Buchalter Appellate Specialists Harry W.R. Chamberlain II and Robert M. Dato argue that the California Supreme Court should uphold a validly appointed agent’s arbitration agreements with health care providers

March, 2024 - Los Angeles, California

Harry Chamberlain and Robert Dato, members of Buchalter’s Appellate Group, presented arguments on behalf of clients Country Oaks Partners and Sun Mar Management Services in Harrod v. Country Oaks Partners LLC, Cal. Supreme Court No.

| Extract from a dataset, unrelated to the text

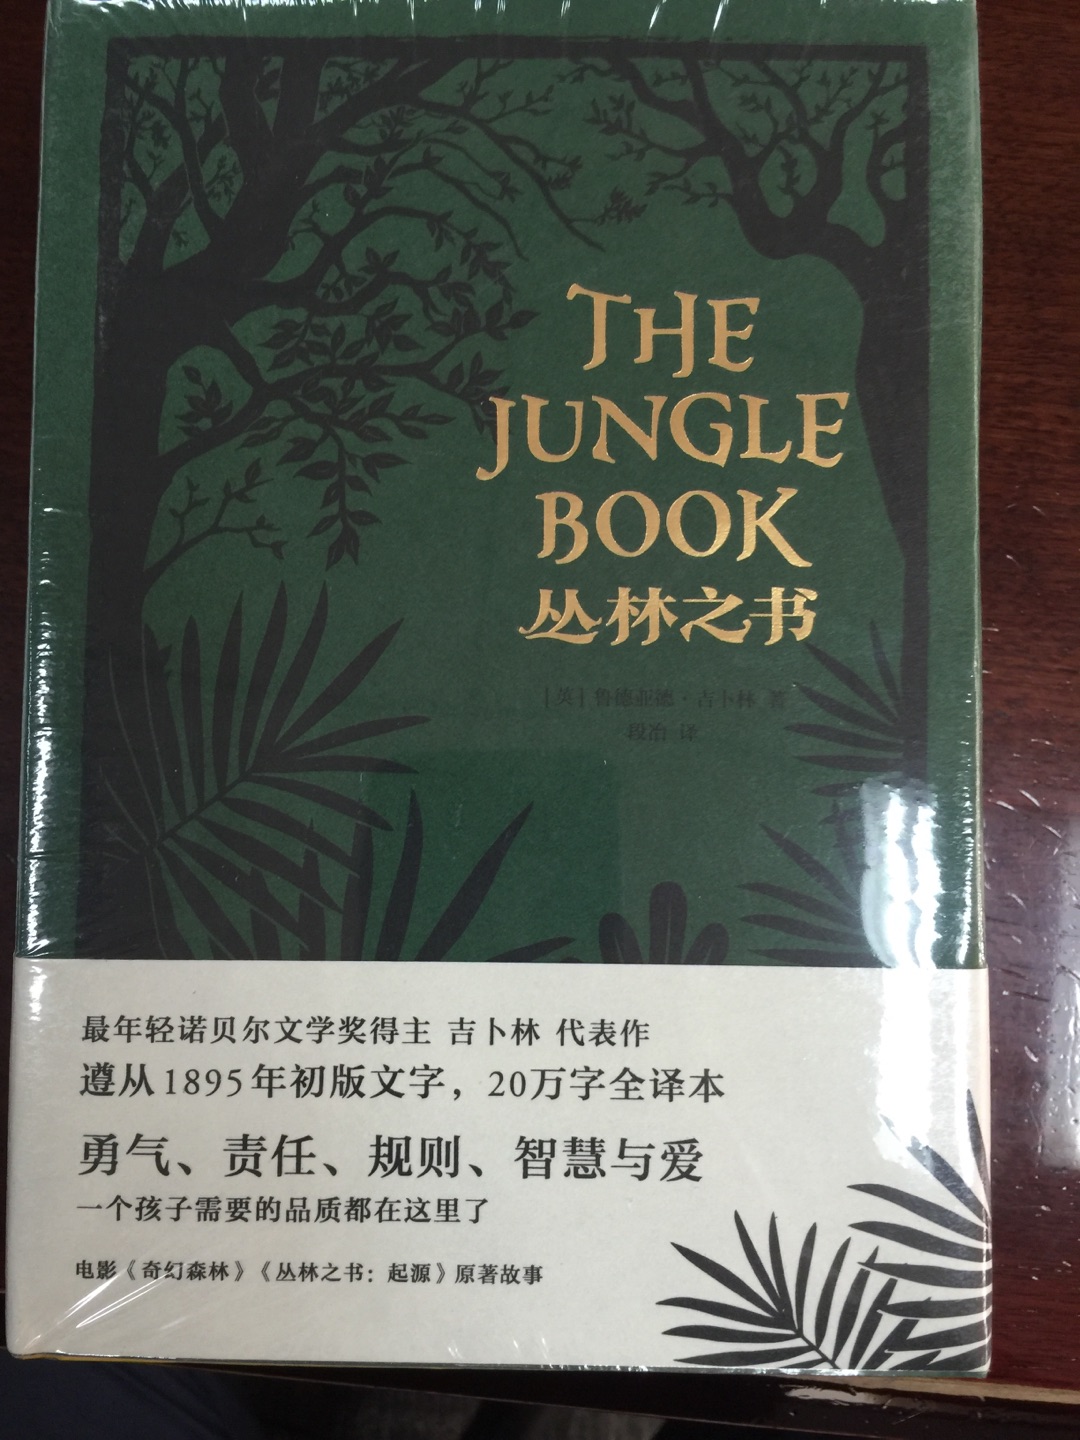 不错的丛林之书译本，值得入手

S276545

At issue before California’s highest court:  Whether an agent who is appointed by an incapacitated patient under an advance health care directive and  power of attorney to make heath care decisions may enter into a binding arbitration agreement with a nursing facility where the patient is placed for care?

The Court of Appeal declined to enforce the arbitration agreement. The California Supreme Court unanimously granted review. Chamberlain and Dato, supported by a broad coalition of hospitals, health care facilities and medical providers, business associations and bar groups argued that for the past four decades, California has steadfastly upheld arbitration agreements entered into by the patient’s designated agent under an advance health care directive. In addition, recent decisions of the United States Supreme Court and Ninth Circuit Court of Appeals, including Kindred Nursing Centers LP v. Clark, 137 S. Ct. 1421 (2017) and Chamber of Commerce v. Bonta, 62 F.4th 473 (9th Cir. 2023), hold that state law restrictions on a validly appointed agent’s power to agree to arbitrate disputes on behalf of his or her principal are preempted by the Federal Arbitration Act.  The California Supreme Court’s decision is expected within 90 days.